Matrix auto redact bot
What?
Subject pretty much says it. Get rid of Matrix messages in a specified rooms after a specified time has passed since the posting.
Why?
Matrix doesn't have any data retention policy, all messages are kept indefinitely by default. To fix this, I created Matrix auto redact bot. Which redacts (deletes) messages from the room after N days.
Also got bored on Friday evening so I wanted to develop do something where I could learn a bit more about Matrix.
How?
Linux (RedHat, not Ubuntu / Debian / Alpine this time)
Python
PostgreSQL
Operation - Usage instructions
Create a room
Invite auto_redact_bot
Bot joins the room automatically after a small delay
!marb 7
Then it deletes (redacts in Matrix terms) all messages older than the specified N days defined by the user and keeps doing this until it's stopped, but either kicking the bot out or giving !marb stop command.
Matrix API
The features used by the integration
login
sync
join
context
redact
read_markers
leave
forget
Does not use PUSH gateway, because the task isn't latency sensitive.
Optimizations
The oldest event timestamp is kept in local database, if it's not expired, it's pointless to check if there's anything to redact.

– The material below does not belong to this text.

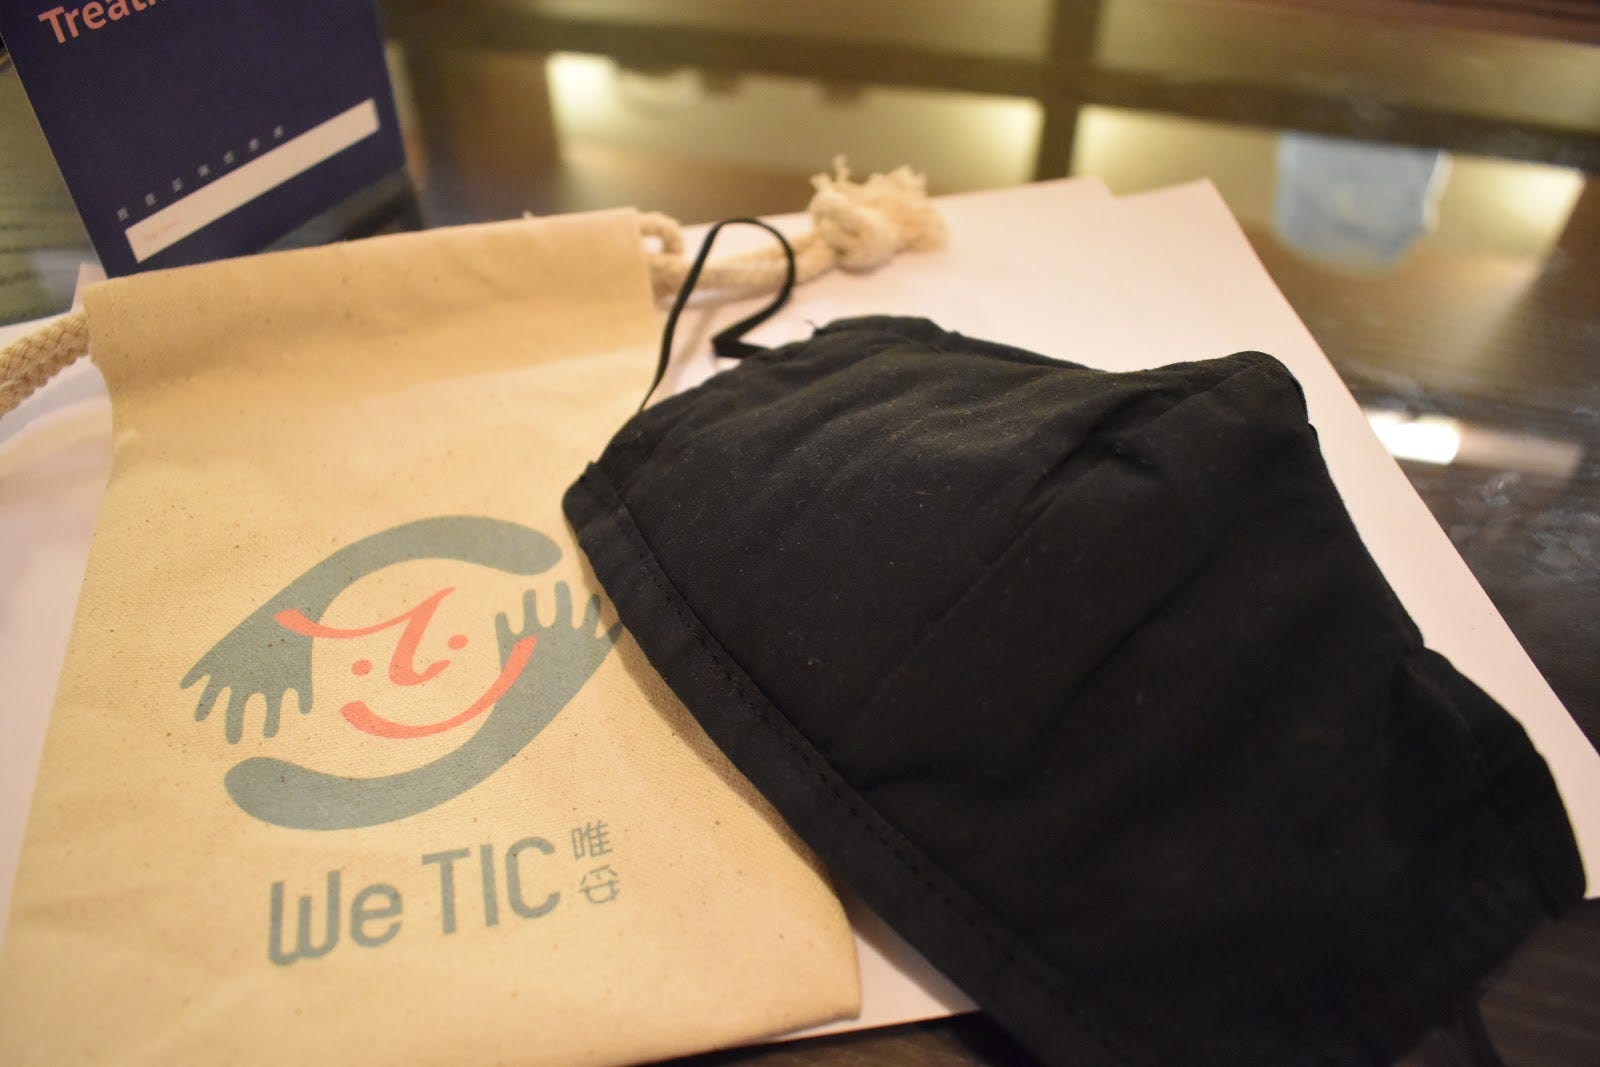 減音口罩與用來裝放的印有唯妥公司logo的袋子。

The newest event is checked (from sync), if there's nothing new in the room it's also pointless to fetch the detailed room information.
If room has been inactive (idle, stale) for more than 30 days ,the bot will automatically leave the room. This will also happen immediately, if the bot is left in the room alone.
Other remarks
Encrypted rooms are supported, bot doesn't require encryption keys
Bot only stores / processes event_id's and room_id's + origin_server_ts (timestamps)
Database contains only room id, event id and oldest timestamp
No other than exception logging, even then the only logged infor is room_id and event_id
Currently deletion is rate limited to 400 messages / room / hour
Bot talks to matrix-client.matrix.org server, service is behind wireguard and server doesn't reply to any scans / requests other than valid wireguard packets.
Server runs in Oracle Cloud @ Frankfurt / RedHat.
Other reasons
The Element UI doesn't make it easy to mass delete messages, requiring multiple "accurate" clicks to delete messages. It's much easier to automate it.
Tech reference
Keywords:
Matrix, chat, Element, data retention, lifetime, security, expiry, privacy, enhancing tools, bots, manual, documentation, ttl_bot, time to live, Matrix Auto Redact Bot (MARB)
2021-03-07